I’m already mourning the passing of the Season of Wearing Cute Dresses in a pretty hardcore way. Yuck. Forgive that I already posted a picture of this outfit (which I have christened “You’d Never Guess She’s a Man-Hating Anarcho-Feminist,”), but I did a lot of tailoring to it to make it fit (there was a LOT more lace) and I’m pretty much in love with it. Those tights have little twee hearts on them!
Lots happening out there in the world, plus I am over my horrid mood of last week! Let us celebrate with links:
My BFFF (extra F for how Fucking much I love him) Than Luu is doing some ridiculous food blogging on his travels around the world with his band Black Gold (Oh look! Another opportunity to mention the music video I was in, how handy!). Check it out!
Speaking of bands, while I was engaged in a horrible Halloween depression spiral, my sweetheart was in Louisville mixing THIS. Wow.
Profanity-laced hilarity courtesy of McSweeney’s.
The new Bloodroot calendar is out! In the two years since Bloodroot published the gorgeous cookbook set that I was honored to have had a hand in creating, they have been publishing a calendar with new recipes. The calendar is super gorgeous and filled with 99% vegan recipes straight out of my mentor Selma’s head–snap it up!
I’m happy one of the Brooklyn Jonathans (Safran Foer, Ames, and Letham) wrote a book about why you should be vegan or whatevs, and I’m happy that famous blonde actresses are writing vegan cookbooks, all of that is well and good. But these books are written for non-vegans—why people have to keep pointing them out to me I have no idea.
Speaking of another of the Bklyn Jonathans, Ames wrote that new show Bored to Death and though I haven’t seen it I completely loved & agreed with Nancy Franklin’s recent New Yorker review (I basically agree with everything Nancy Franklin has ever said though.). Particularly this part:
Chick lit—the range of fiction by women about contemporary city life, friendships, sex, jobs, climbing out of the wreckage of youthful dreams—gets a lot less respect than the male equivalent, which people tend to approach as if it were automatically more artful, more written. Women write “thinly veiled accounts”; men write “romans à clef.” Women writers may have a room of their own, but men who thrash around in front of the mirror and record their every failure, humiliation, moue, and excretion for an audience’s consumption still own the house, even if all they do in it is lie on the couch—and then write about it.

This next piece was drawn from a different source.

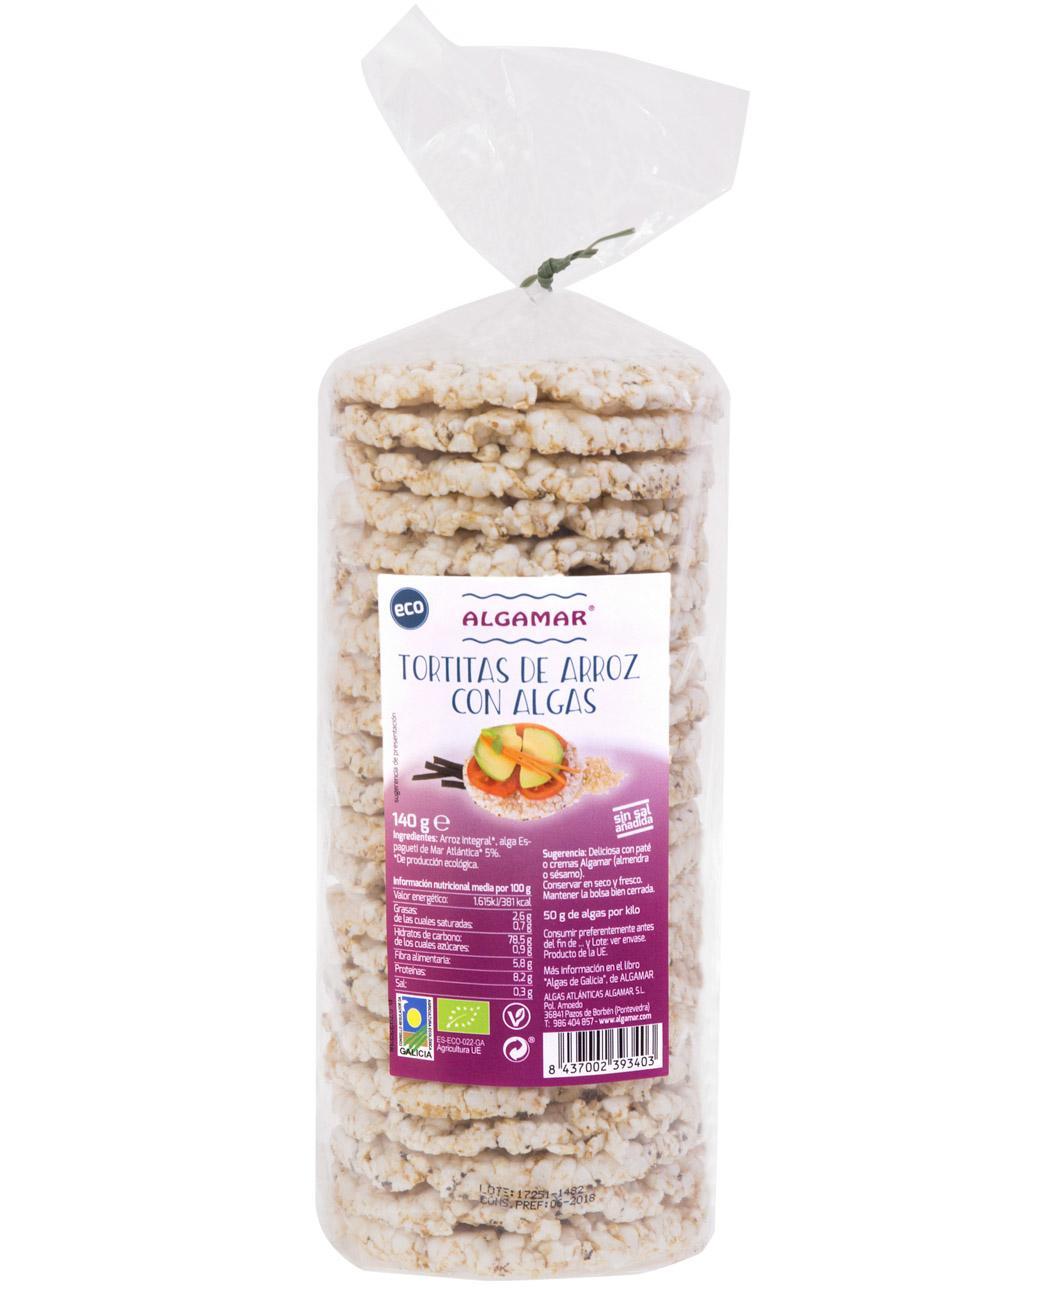 20-algamar-tortitas-arroz-con-algas-140g

The work of Jonathan Ames, who created the new HBO series “Bored to Death,” lies in this vein of self-fascination and self-conscious inertia.
My god, YES. I suffered through a Jonathan Ames audiobook (which I refuse to Google to figure out the title, as I am unwilling to spend one more second of my life on Jonathan Ames) once, and every second was pure torture.
On the other hand, everyone says this new series is good. Oh, the pain.
And a few work-related miscellanies:
Heya Baltimorites (?)! Check out Brunie’s Bakery, a cute small-batch vegan bakery in your fair city. Recently their head baker emailed me to say that she was making the wedding cake for the woman who ordered the aforementioned wedding truffles from last week and she just sampled and adored a few truffles. How nice is that? I love it when things like that happen. Vegans can be a crazy bunch, but overall we are such decent, sweet, friendly people, no?
(All that follows is NSFW!)
So, this erotic chocolate shop in Belgium wants to sell ye olde vulvaz, and I hope we can make it happen. How hilarious does it look? My favorite product so far is the “Candy Gay String.” And while I find these deeply, deeply horrifying….I must say they are pretty well done! And they remind me all over again to be annoyed that no one (Beloved TCHO! Are you listening?) makes high-quality vegan (coco milk!!!) milk chocolate and white chocolate. Oh, and I have this mold! I once made it for my sweetheart filled with peppermint patty filling and presented it to him right before he left on a tour. It was too much sugar (a solid inch or so of peppermint patty filling, I’m not sure quite what I was thinking) and he couldn’t eat it in front of anyone and I fear a lot of it went to waste. But it was adorable!